Stocks futures were pointing lower this morning, perhaps setting the stage for a day of modest losses for equities, as economic data in the U.S. has been cooling down of late. Jobless claims did come in below 300,000 for the sixth consecutive week, while the two main crude oil benchmarks are down 2% this morning following yesterday’s rally. Meantime, the precious metals opened in the green as they look to build momentum from yesterday’s gains, as well. Gold was trading around $1,205/oz while silver looked to inch back above $16.50/oz at 10 am ET.
Update: The metals may be in a store for a choppy day of trading, as each of the PMs (besides palladium) dipped into the red by mid-morning.
Yesterday in the Markets
Stocks rose modestly yesterday, with each U.S. index closing slightly in positive territory. This helped the Dow Industrials remain above 18,100, while the S&P 500 moved above 2,100, and the Nasdaq pushed above 5,000. Precious metals also gained, with silver adding about 1% and gold advancing $10 to move back near $1,200/oz. 10-year Treasuries remained parked, with yields just below 1.90%.
Factors Affecting Gold Today
The economic machinery in not only slowing down in the U.S., but across the Pacific in China as well. It is much the same case as the States, however: China will periodically come up with some encouraging economic indicators after a slew of disappointing data had been coming out in the preceding weeks. Of late, foreign direct investment into China grew by more than 2% in March, and increased by more than 11% over the first quarter.
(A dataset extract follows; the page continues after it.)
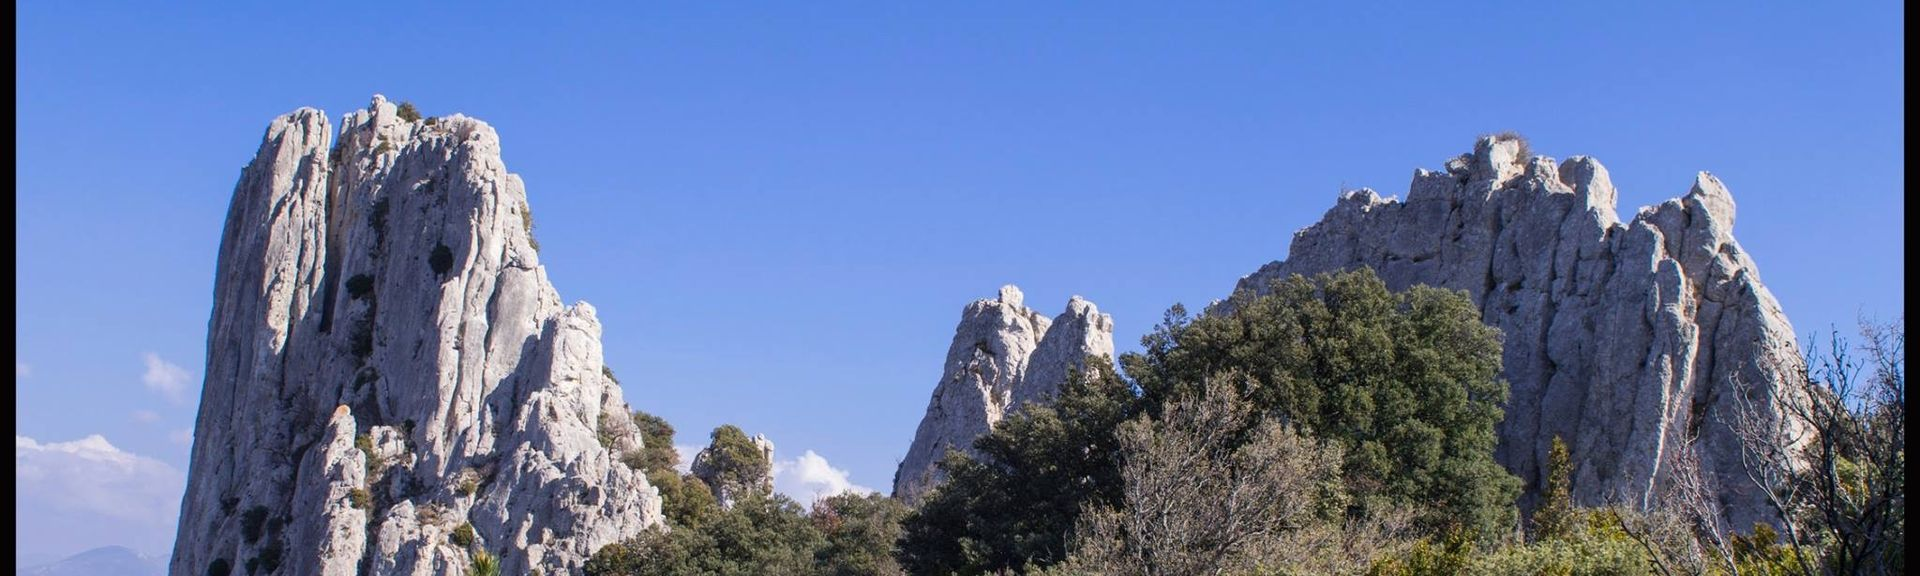 Vaucluse, Provence-Alpes-Côte d'Azur, Frankrike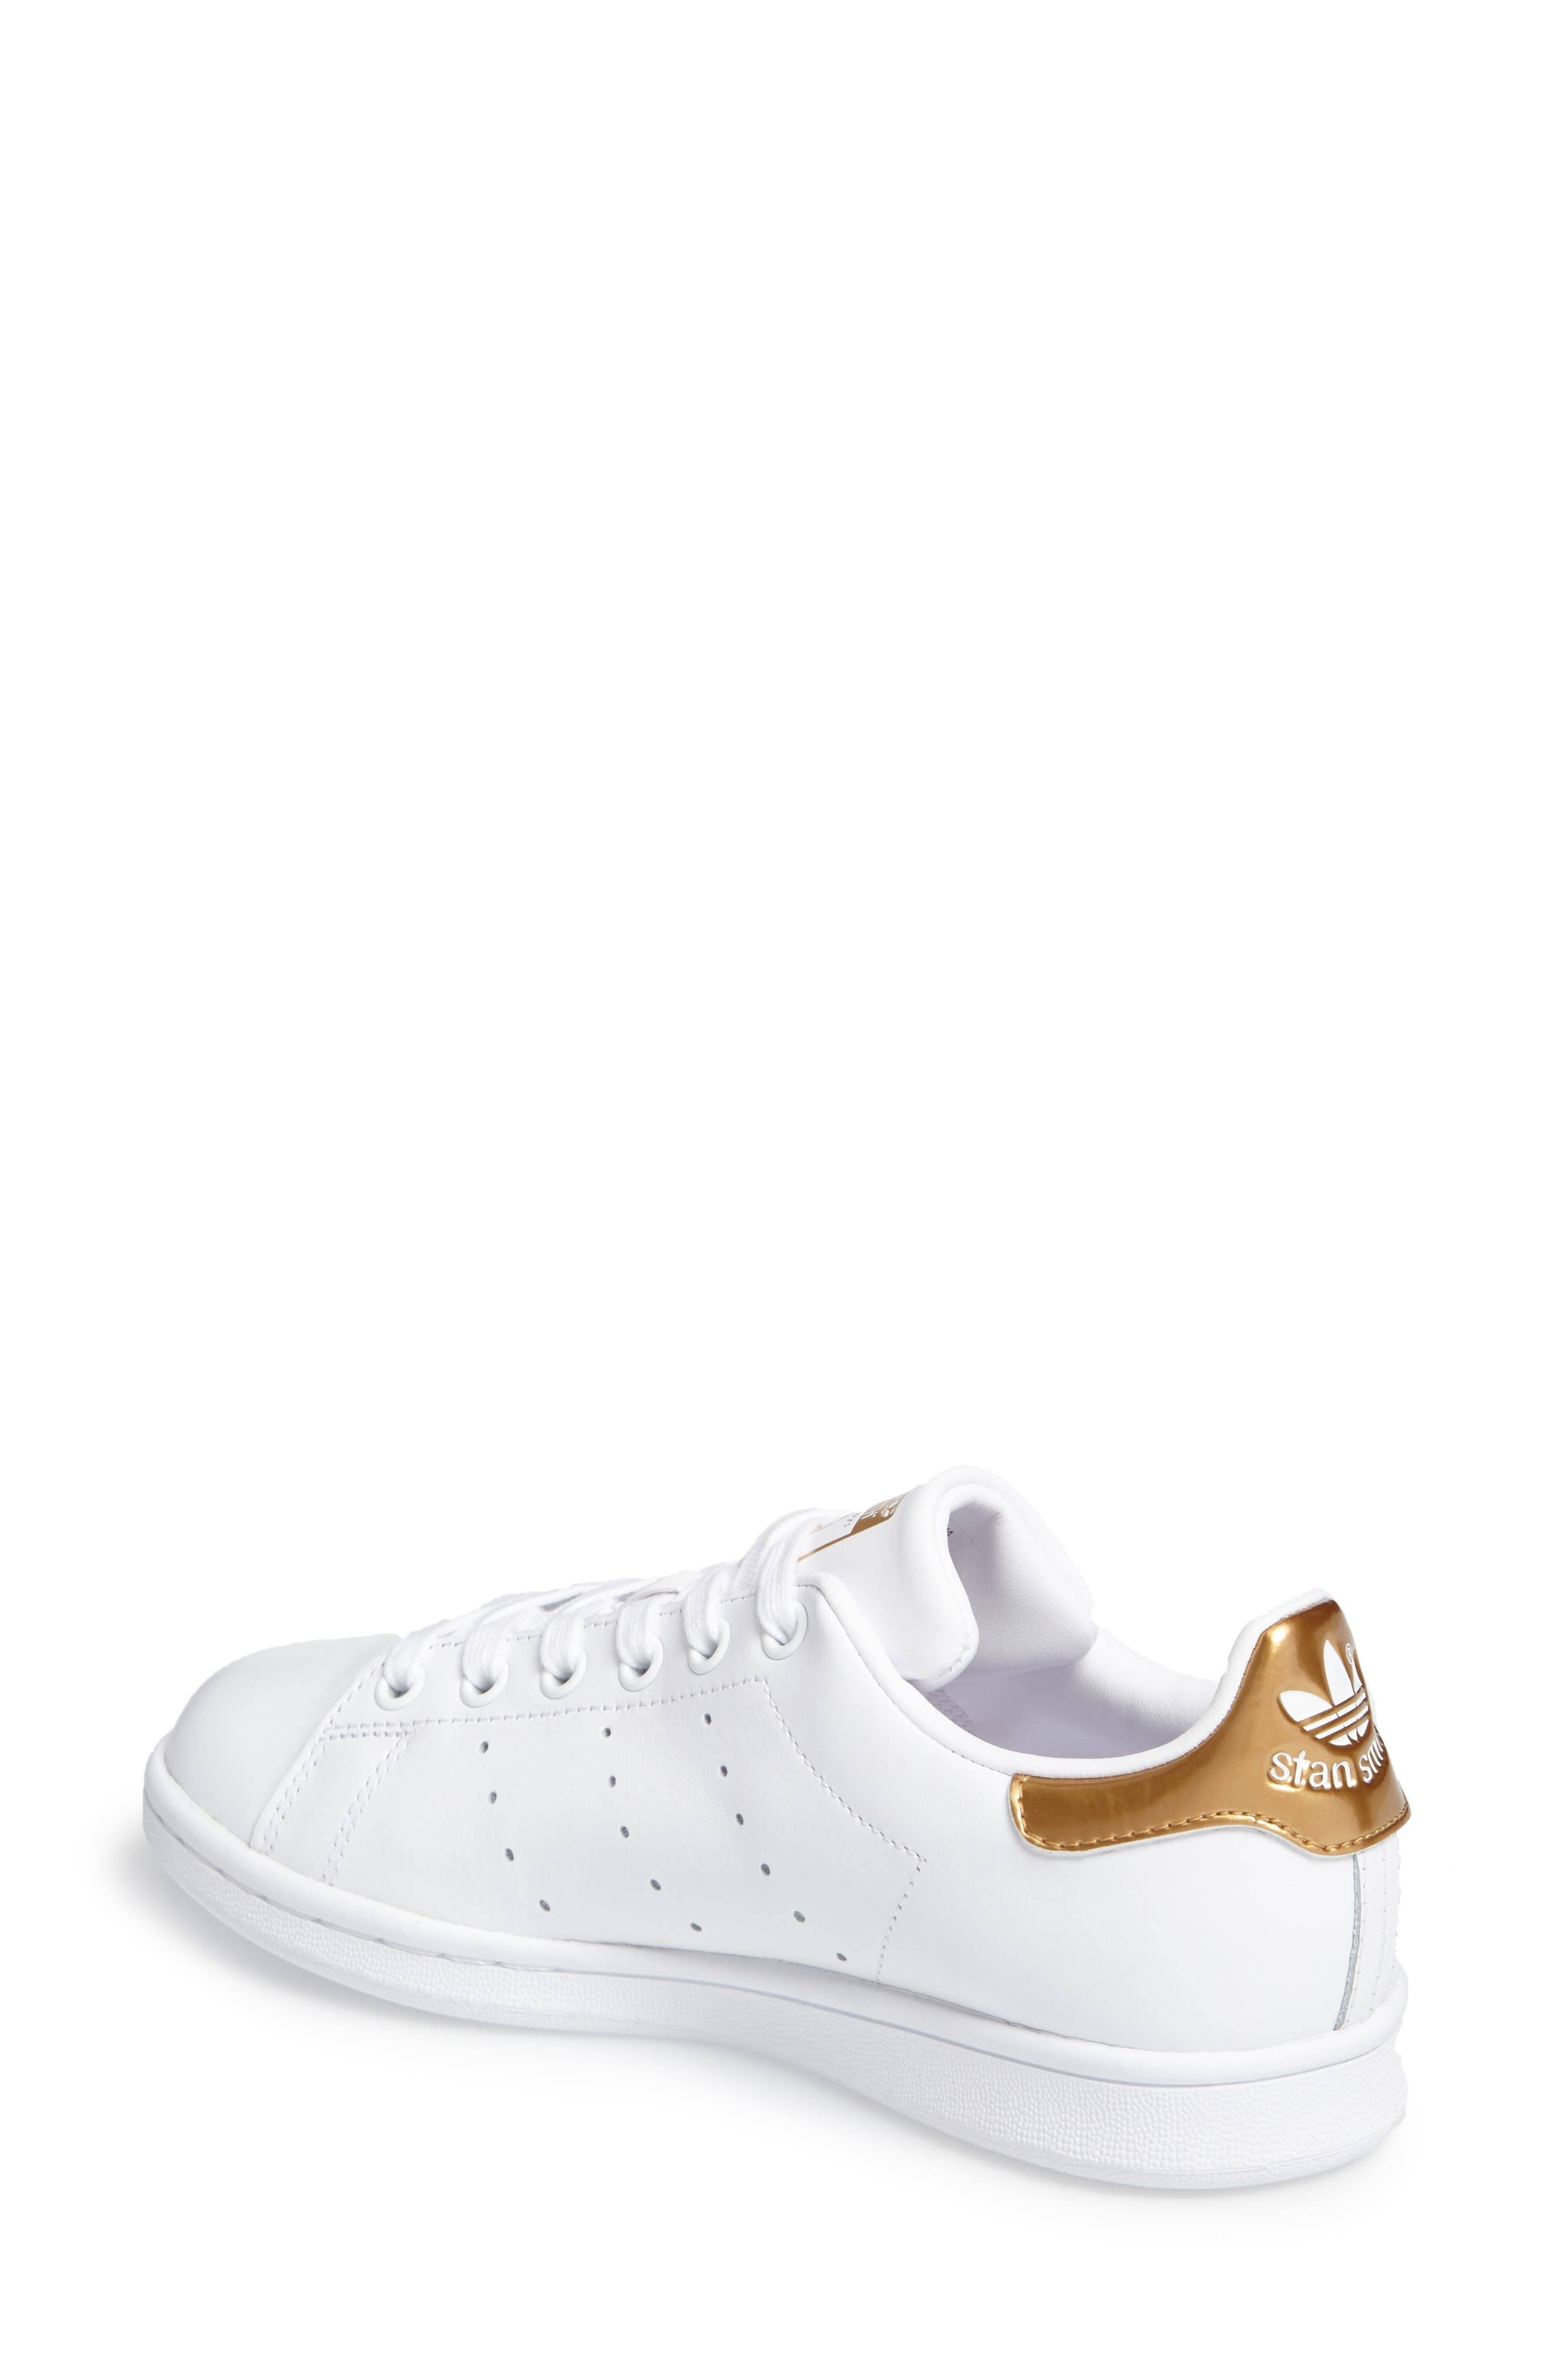 'Stan Smith' Sneaker,                             Alternate thumbnail 30, color,

This helped pushed the Shanghai stock index up nearly 3% this morning as the Chinese stock market is beginning to overheat in a similar manner to its American counterpart.
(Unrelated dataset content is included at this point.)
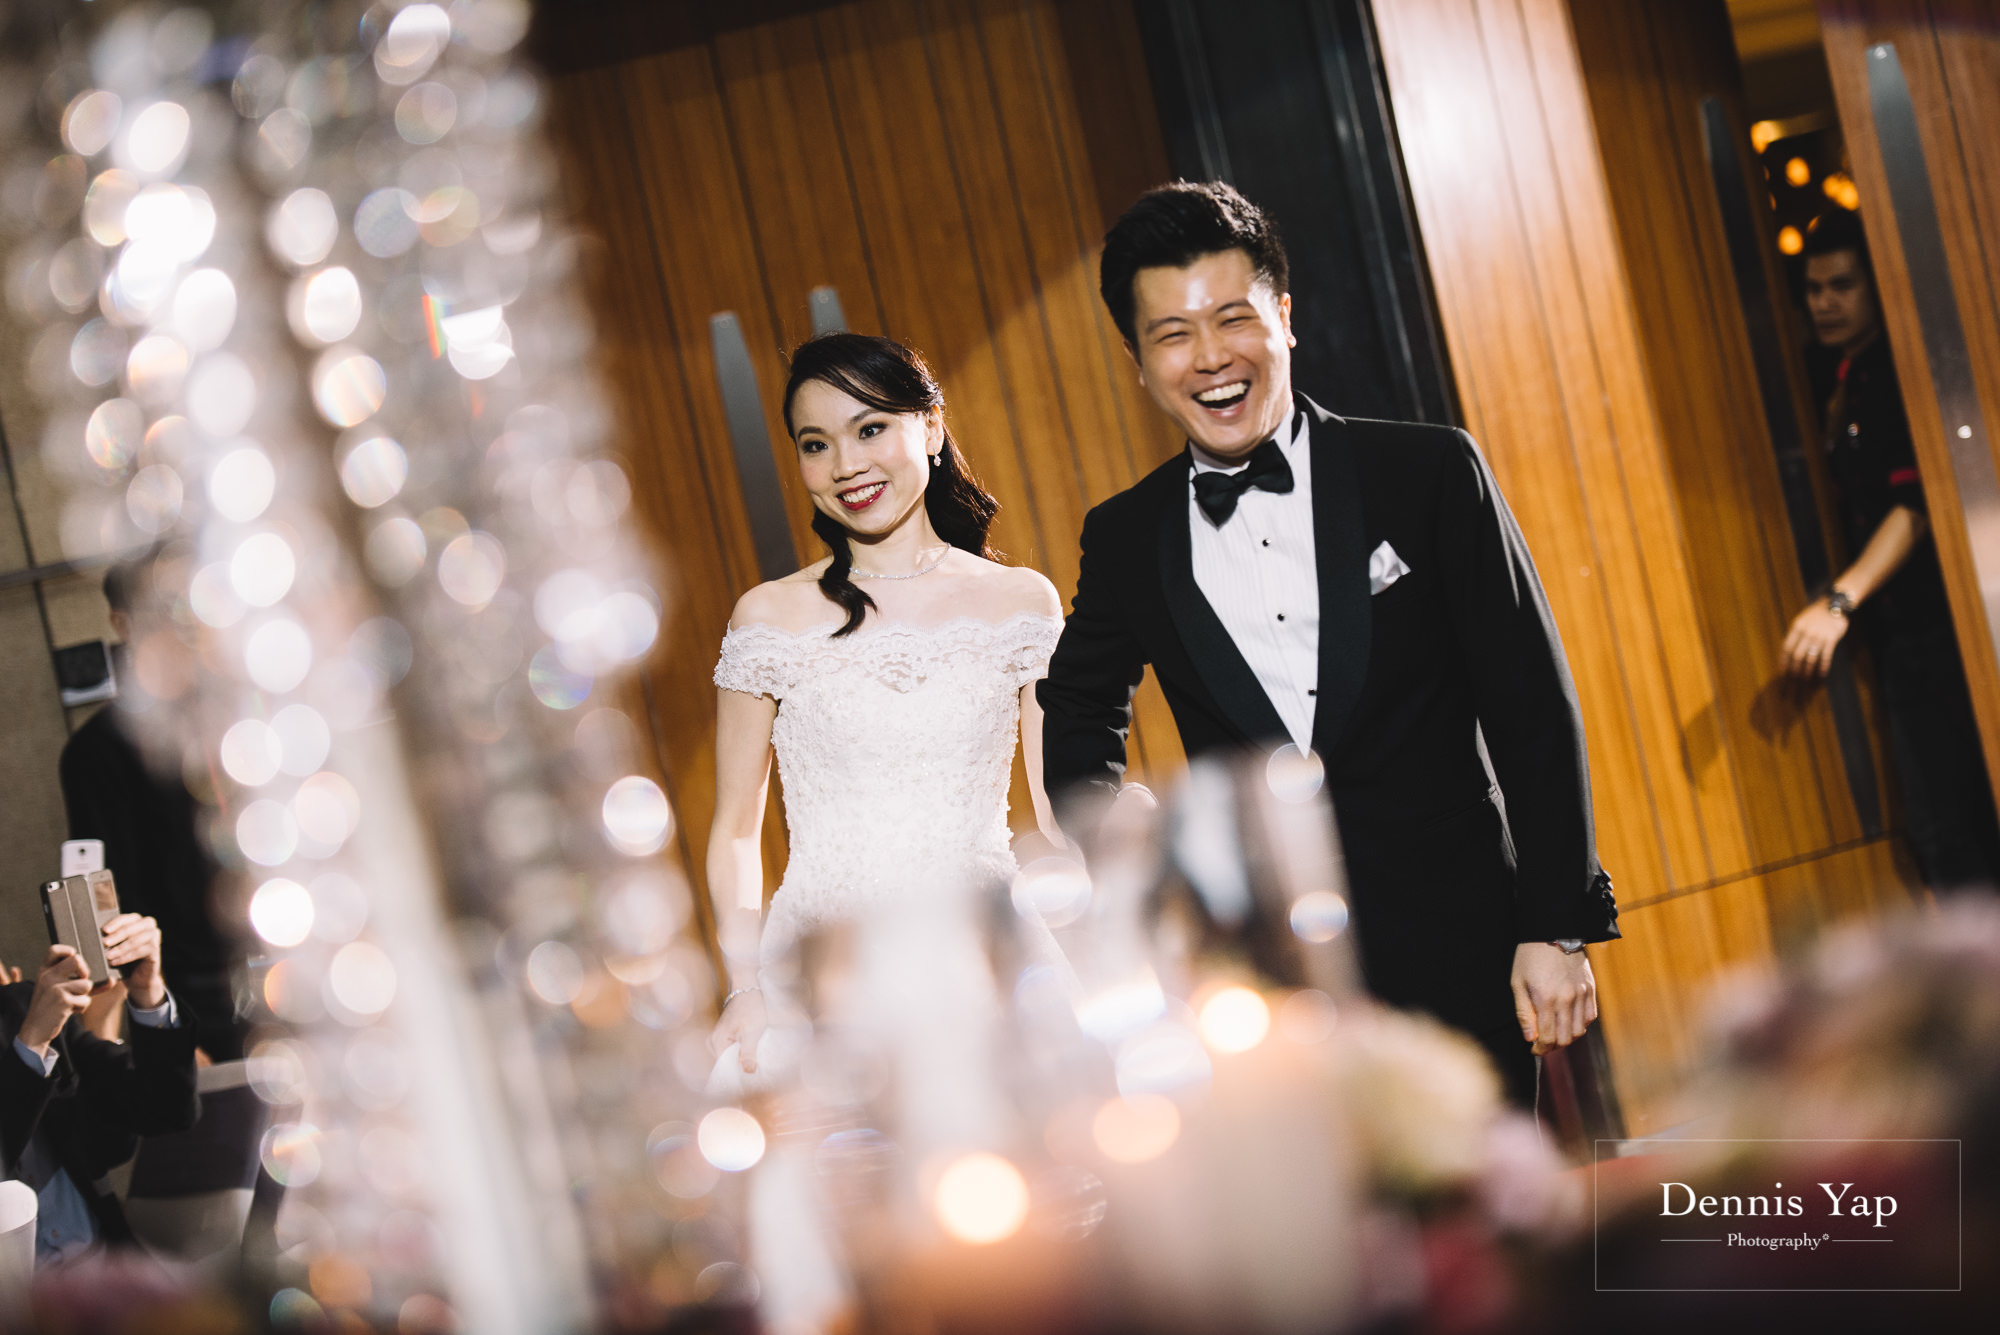 han sen ce pei wedding day A loft hotel kuala lumpur dennis yap photography-21.jpg

Even with the U.S. and China providing mixed bags of data, the situation is actually even murkier in Europe. The European bond market is all over the place: short-term yields on government debt are either already negative or approaching negative territory across the continent. Meantime, even the stronger economies in the eurozone are seeing an overcrowding in their own long-term bond markets due to the relative safe haven compared to riskier debt in Italy, Spain, Portugal, and of course Greece. All of this uncertainty creates upward pressure for the precious metals.
Stalwart Germany’s 10-year Bund yield has continued to fall, dropping from an already miniscule 0.11% down below 0.09% this morning. This does indicate, however, that there continues to be demand for German sovereign debt, even when it pays back next to nothing. Similarly, France’s 30-year bond yield has slid below 1%, an incredibly low figure for such a long-term investment. The demand for low-yielding sovereign debt from the stronger European nations stands in direct contrast to, say, Greece, which just had its credit rating downgraded to CCC+ (with a negative outlook going forward) by Standard & Poor’s.
CPI and consumer sentiment will be announced in the U.S., while CPI and retail sales come out in Canada. The early morning sees consumer price information from the EU, labor market indicators from Great Britain, and adjusted retail sales from Switzerland.